#### Recorded information

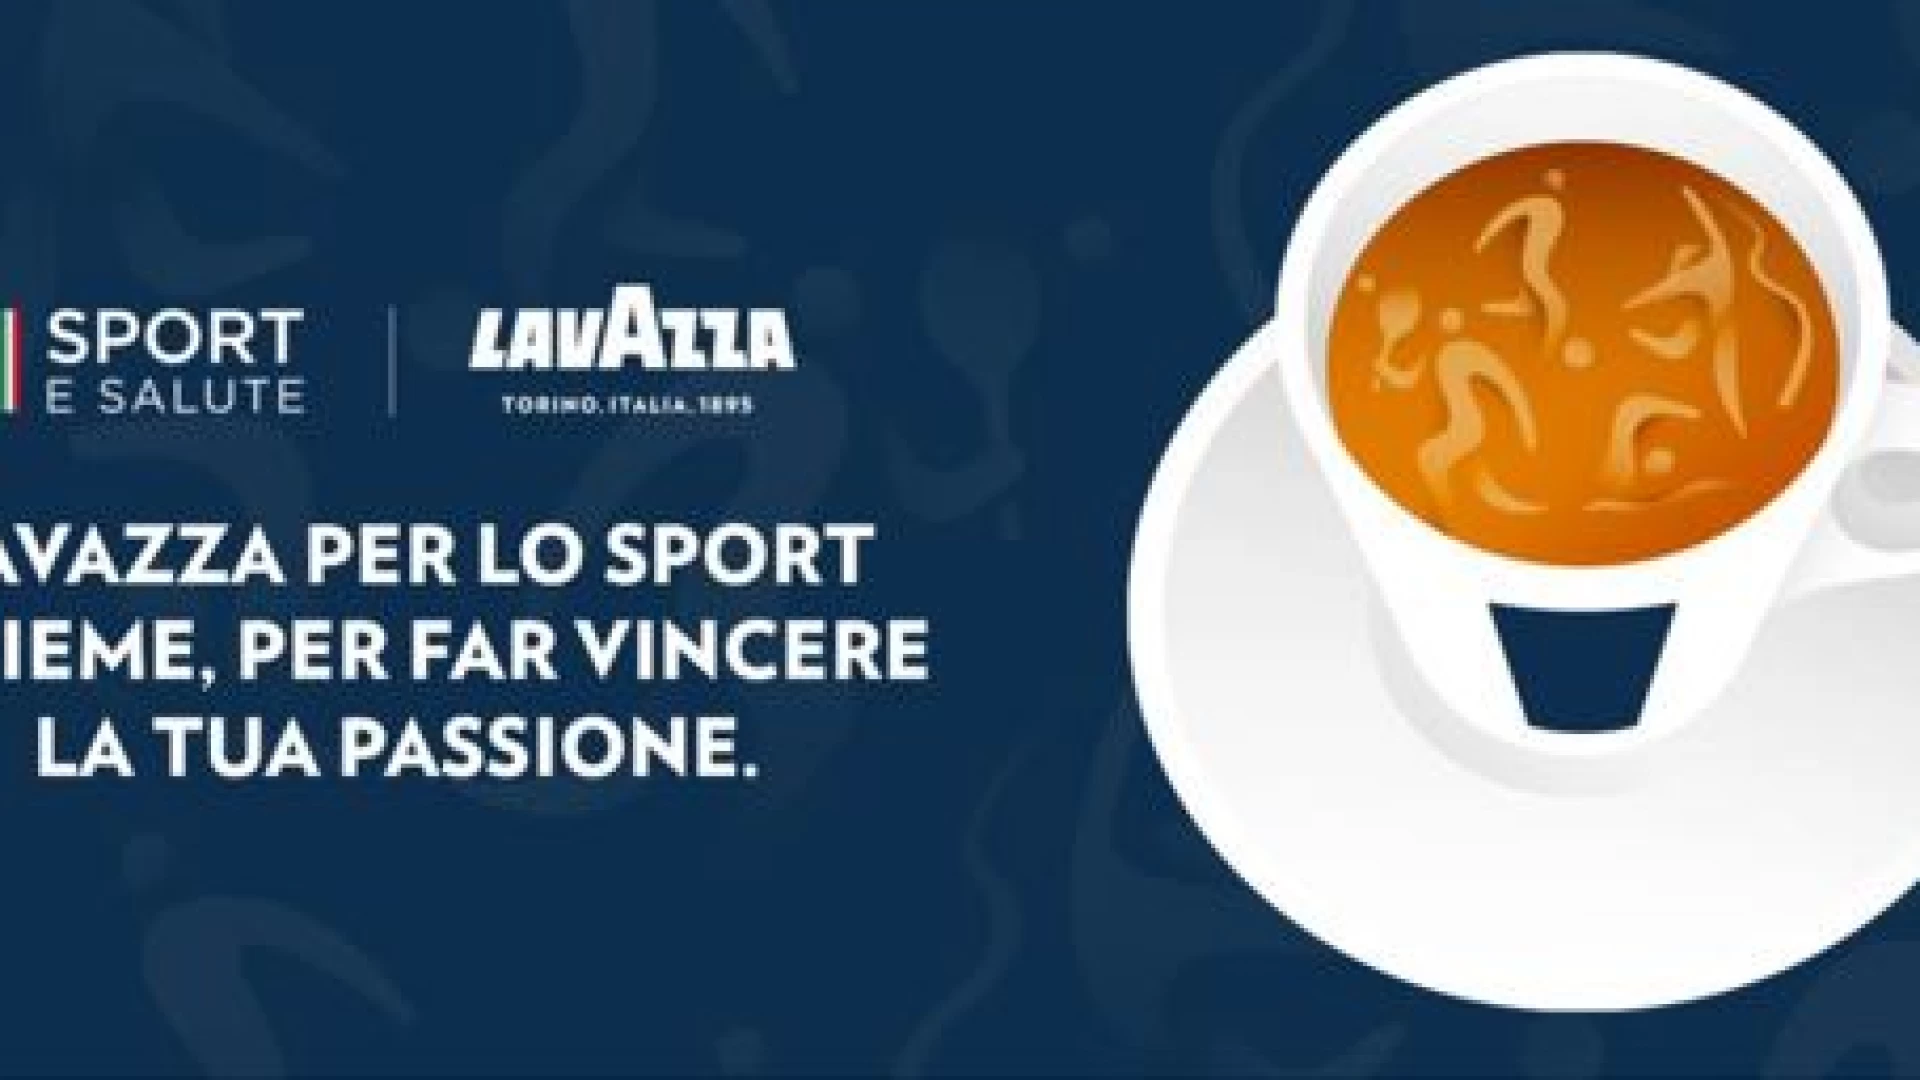 Lavazza per lo Sport continua il progetto dedicato alle società sportive italiane
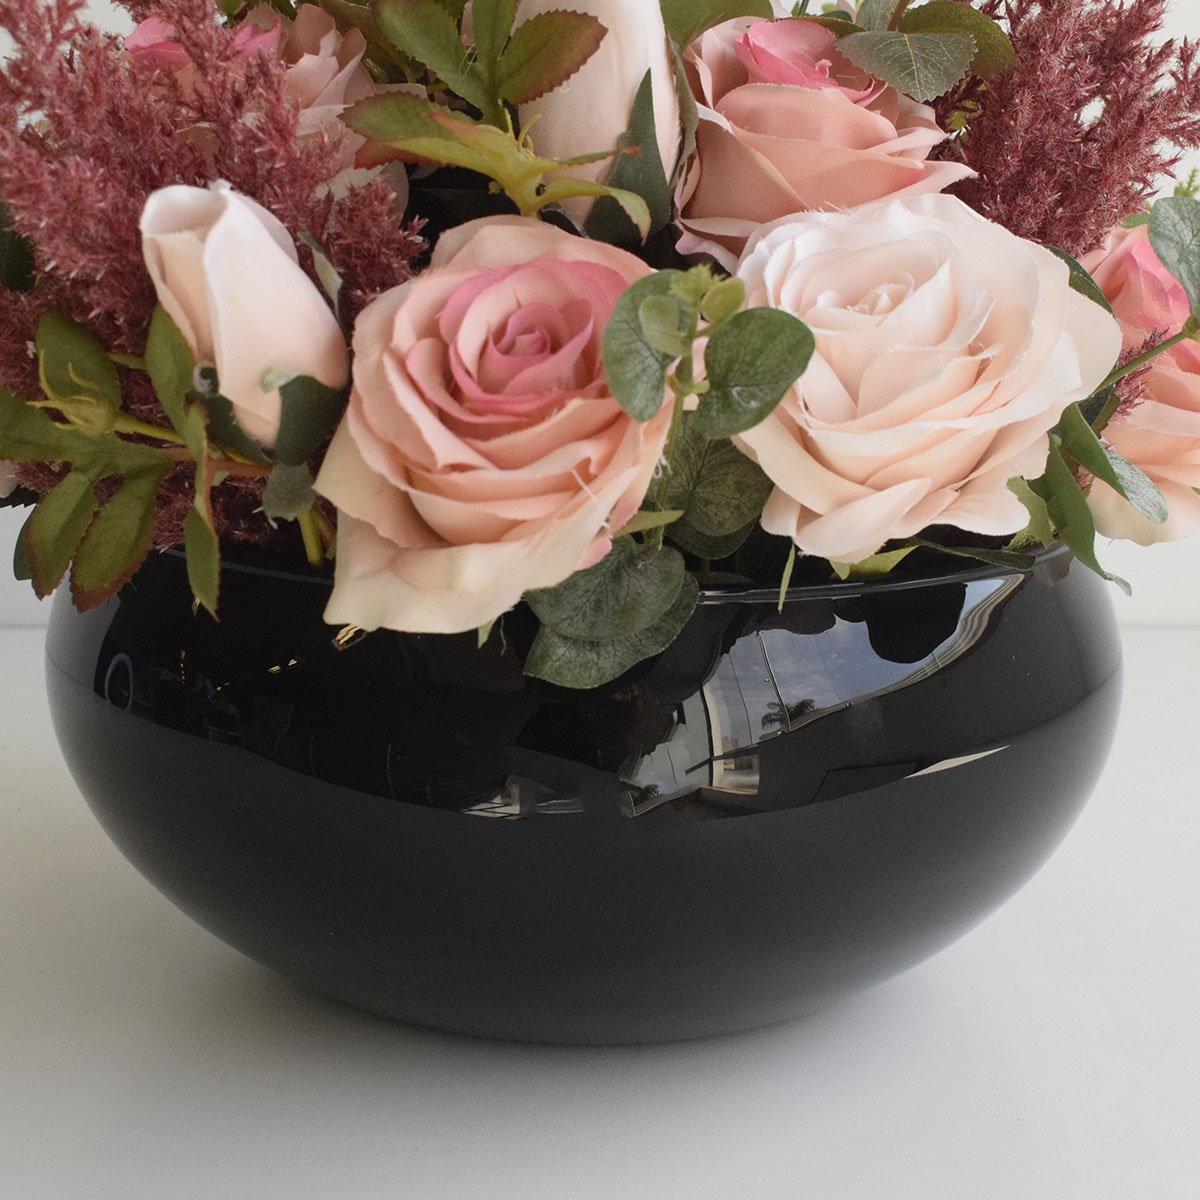 Arranjo de Rosas Rosa e Flores Envelhecidas no Vaso de Vidro Preto |linha Permanente Formosinha - 3
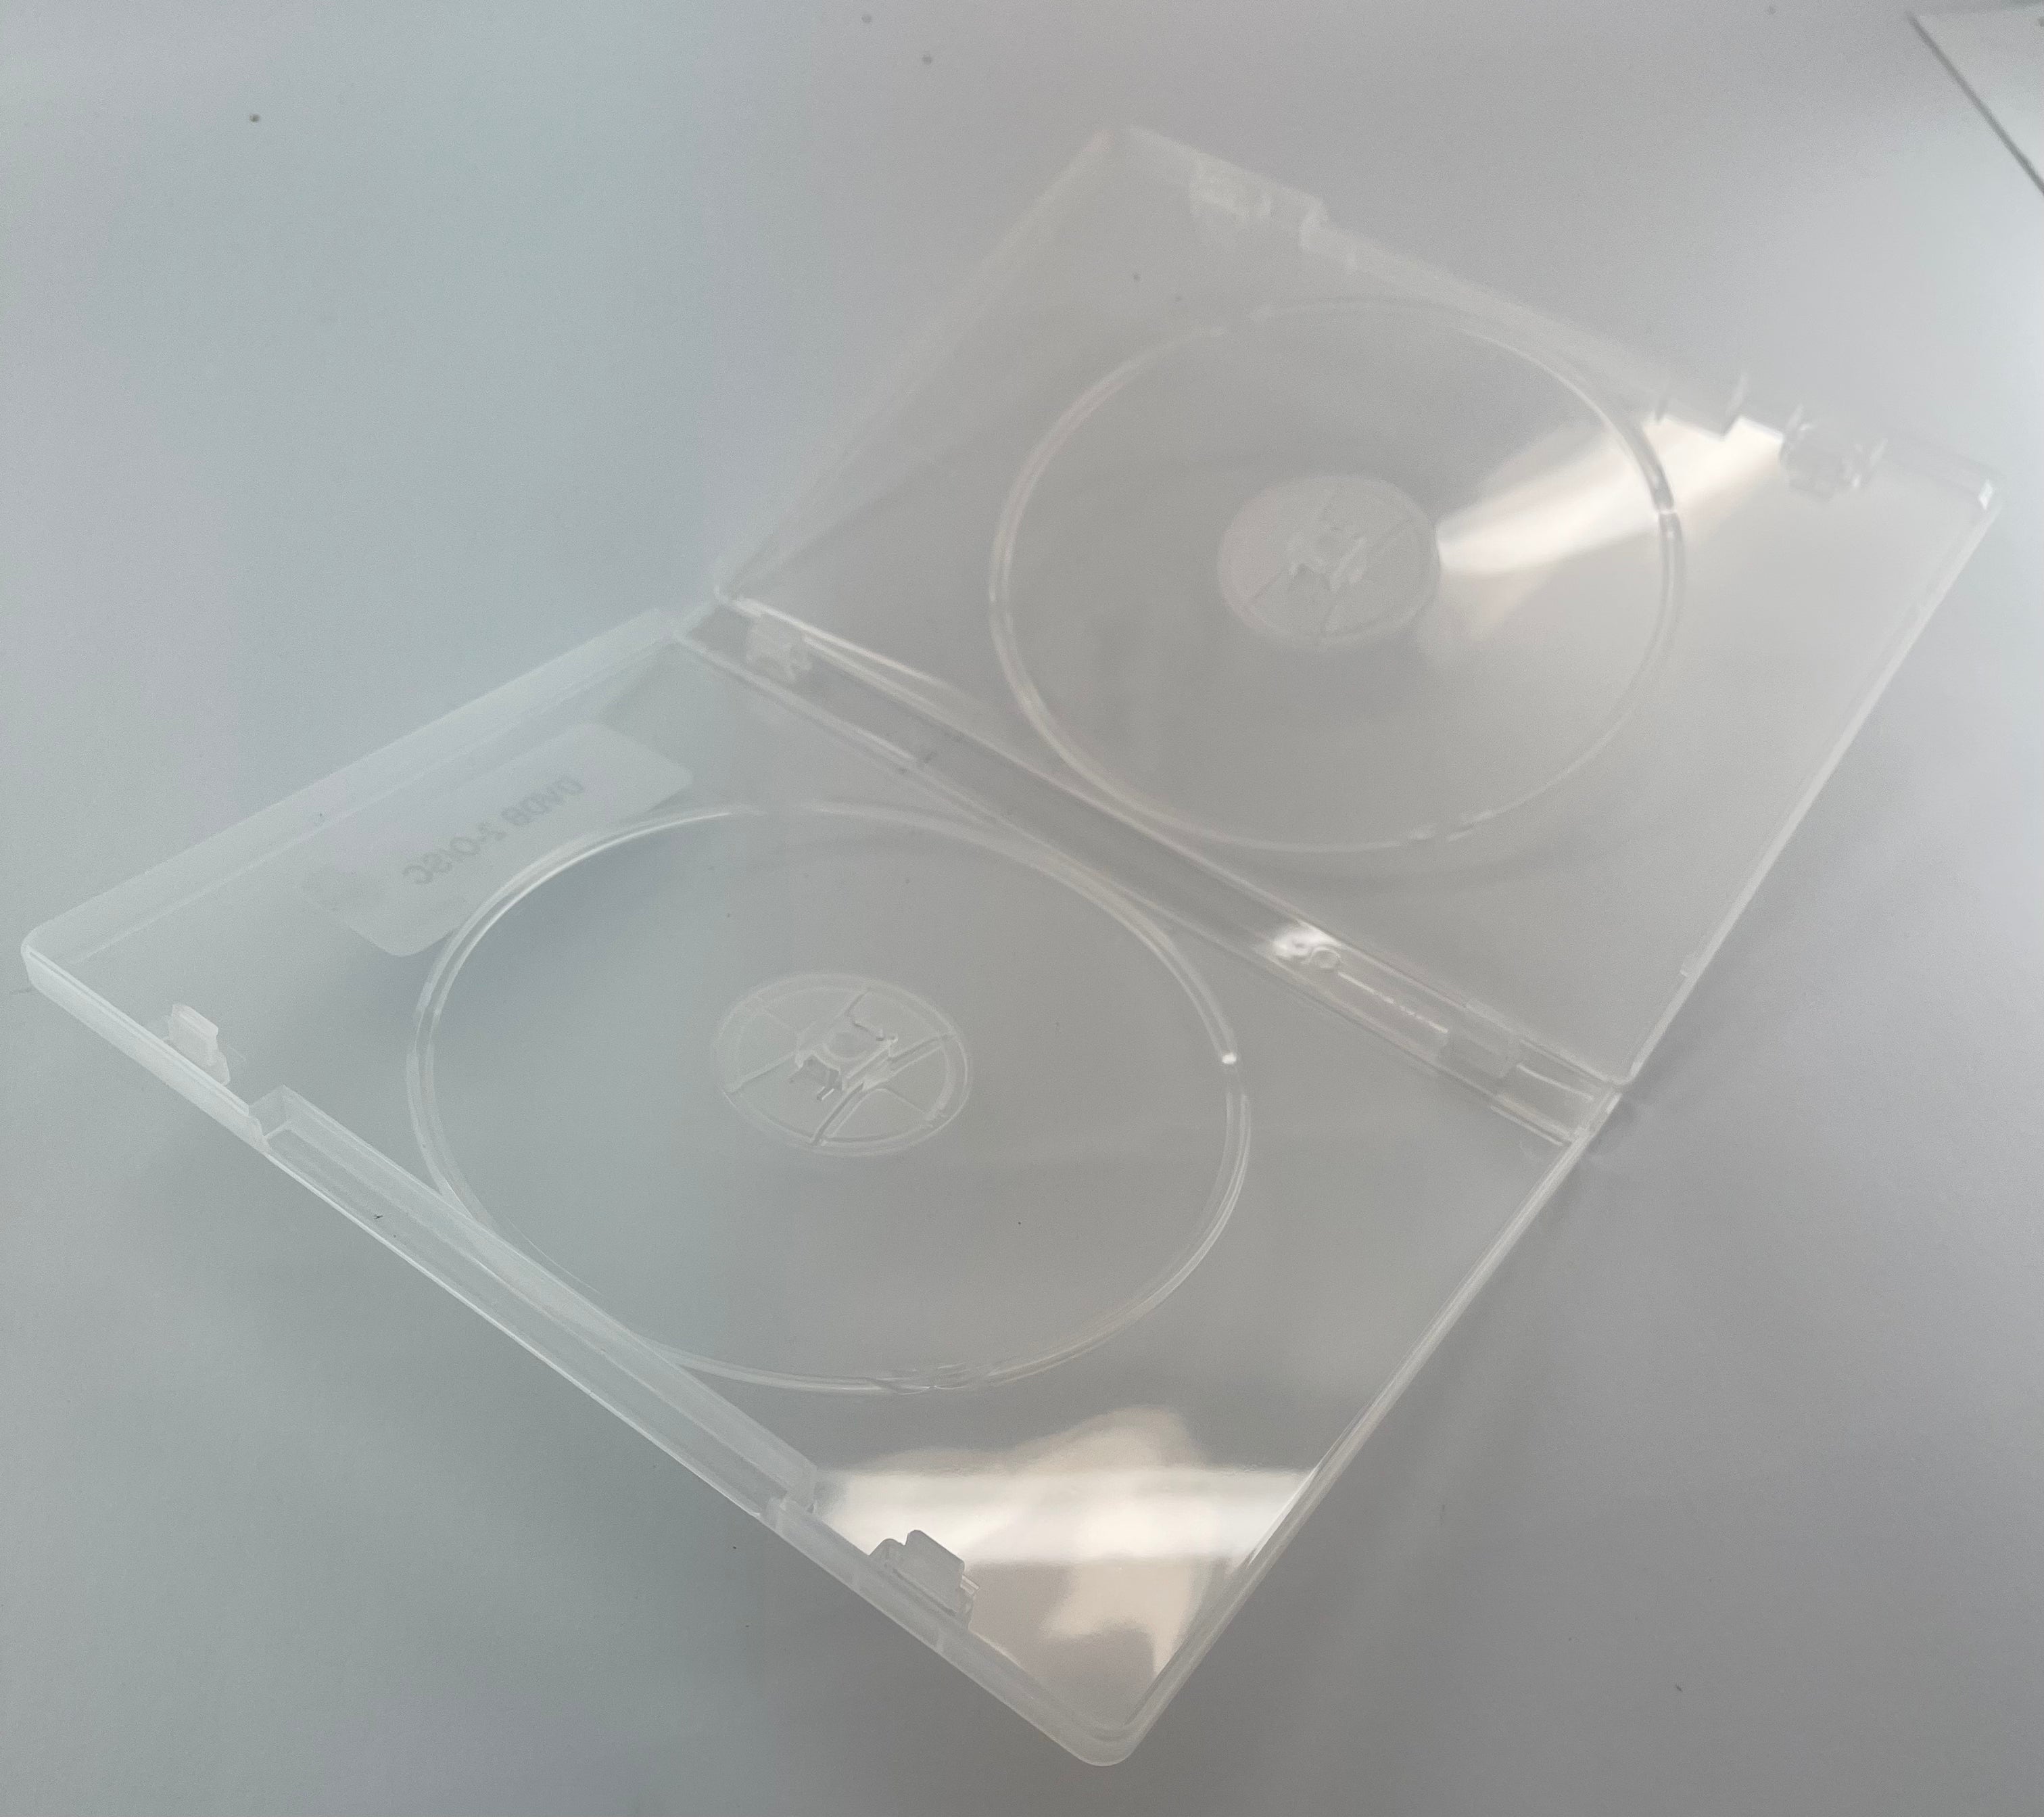 2 Disc Super Clear DVD Box

########

• **Work instructions**:
For the material above, give every line again exactly and leave out the pictures.

• **Response to the task**:
 Lavazza per lo Sport continua il progetto dedicato alle società sportive italiane
 Arranjo de Rosas Rosa e Flores Envelhecidas no Vaso de Vidro Preto |linha Permanente Formosinha - 3
 2 Disc Super Clear DVD Box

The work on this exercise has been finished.